_TASK ITEM_
Could you repeat the listing exactly, leaving out the pictures?

_DATASET CONTENT_
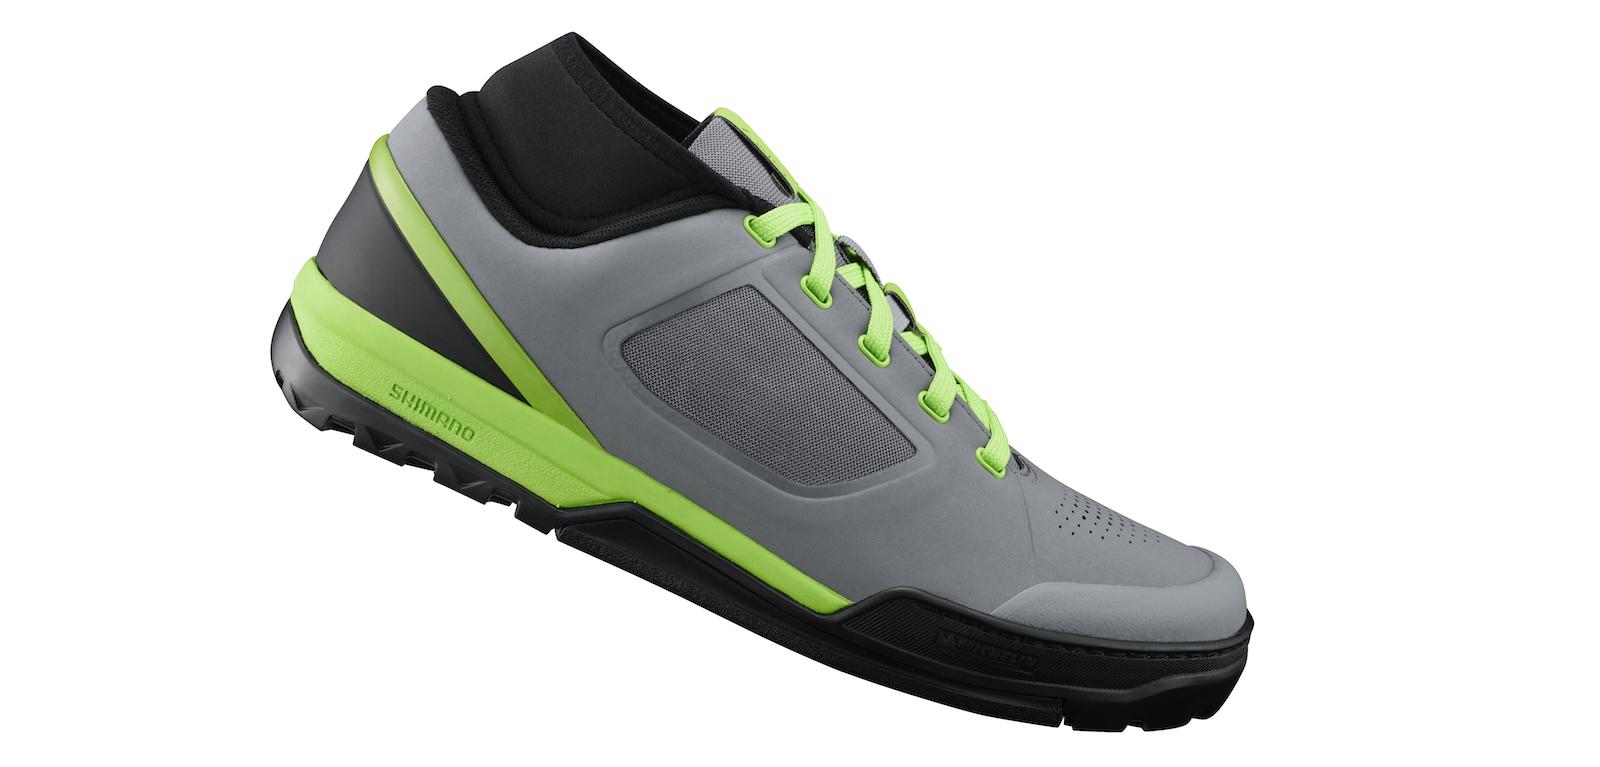 Adidas lancia una nuova scarpa per pedali flat MTB
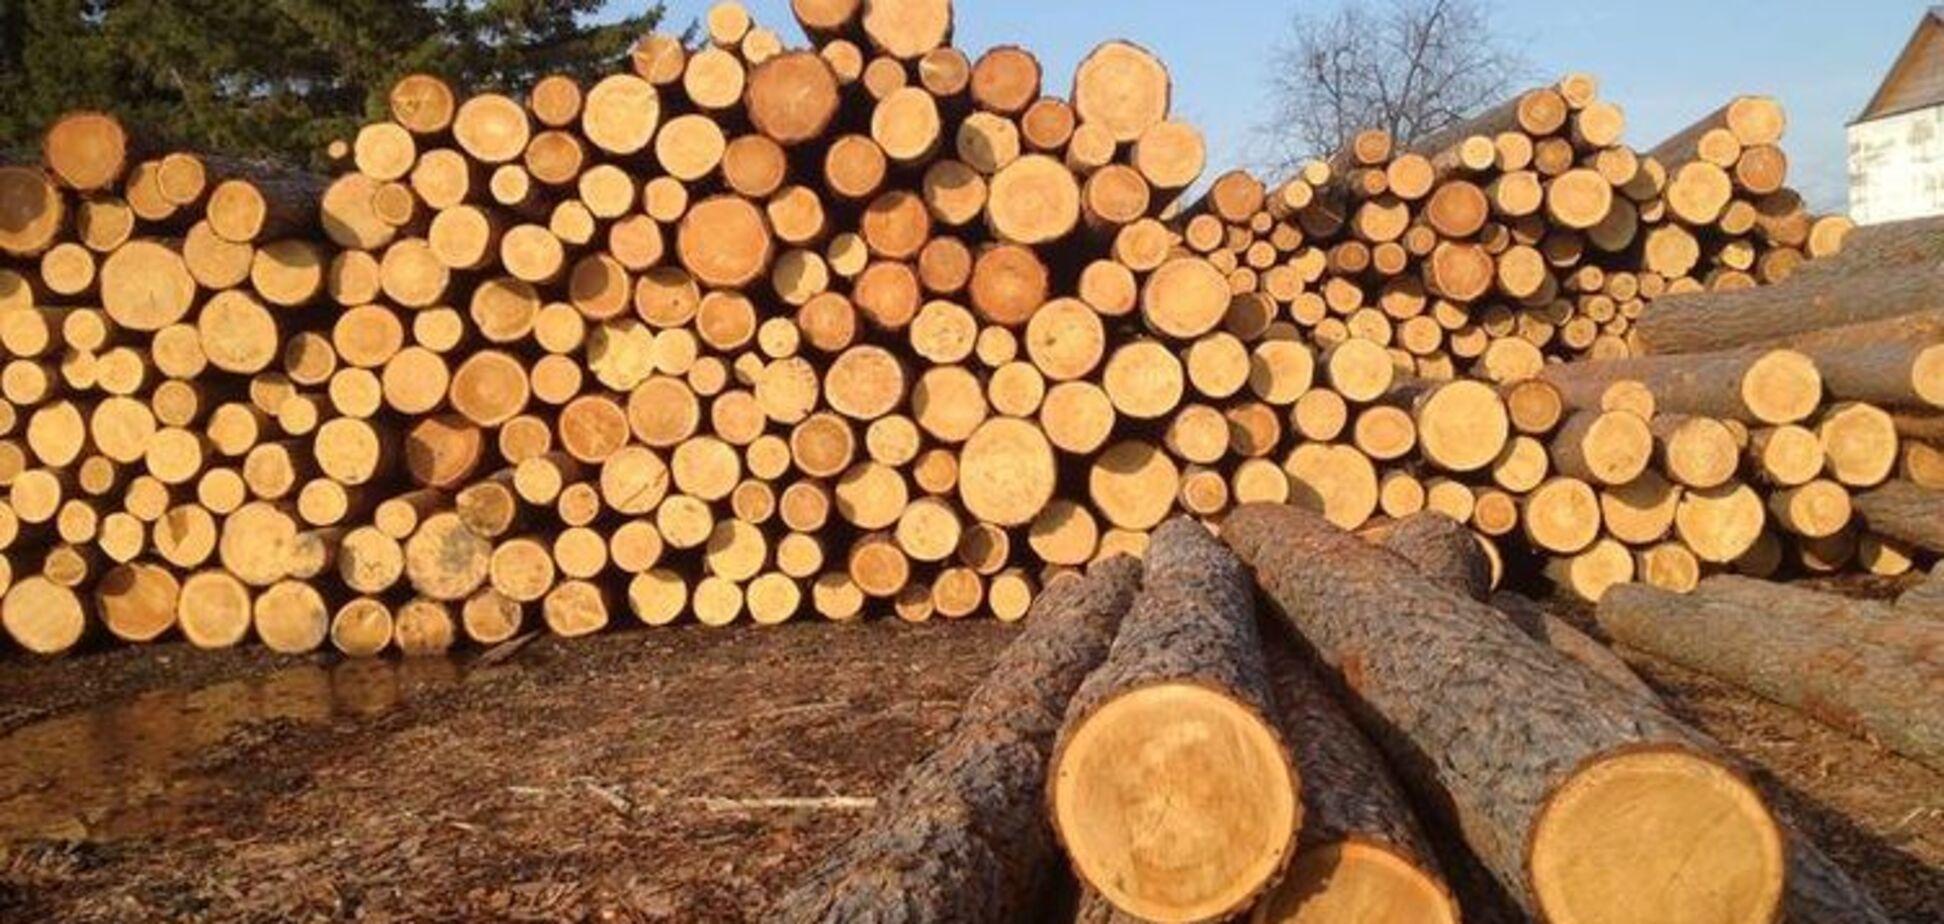 Мартинюк: експортувати потрібно продукцію, а не сировинну деревину
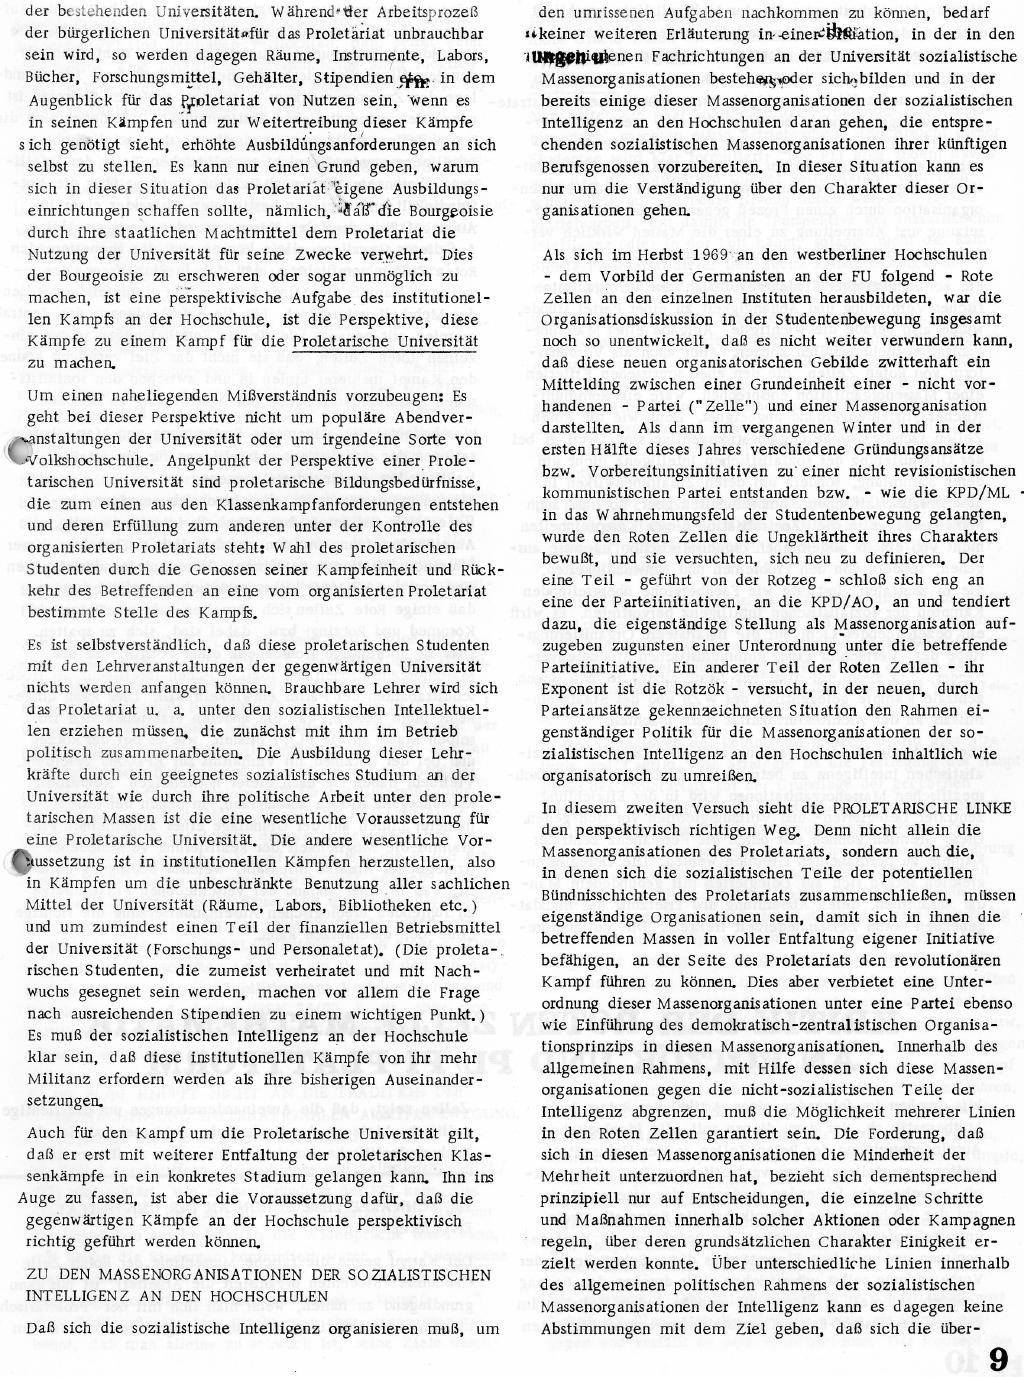 RPK_1970_084_09

_THE COMPLETED TASK_
 Adidas lancia una nuova scarpa per pedali flat MTB
 Мартинюк: експортувати потрібно продукцію, а не сировинну деревину
 RPK_1970_084_09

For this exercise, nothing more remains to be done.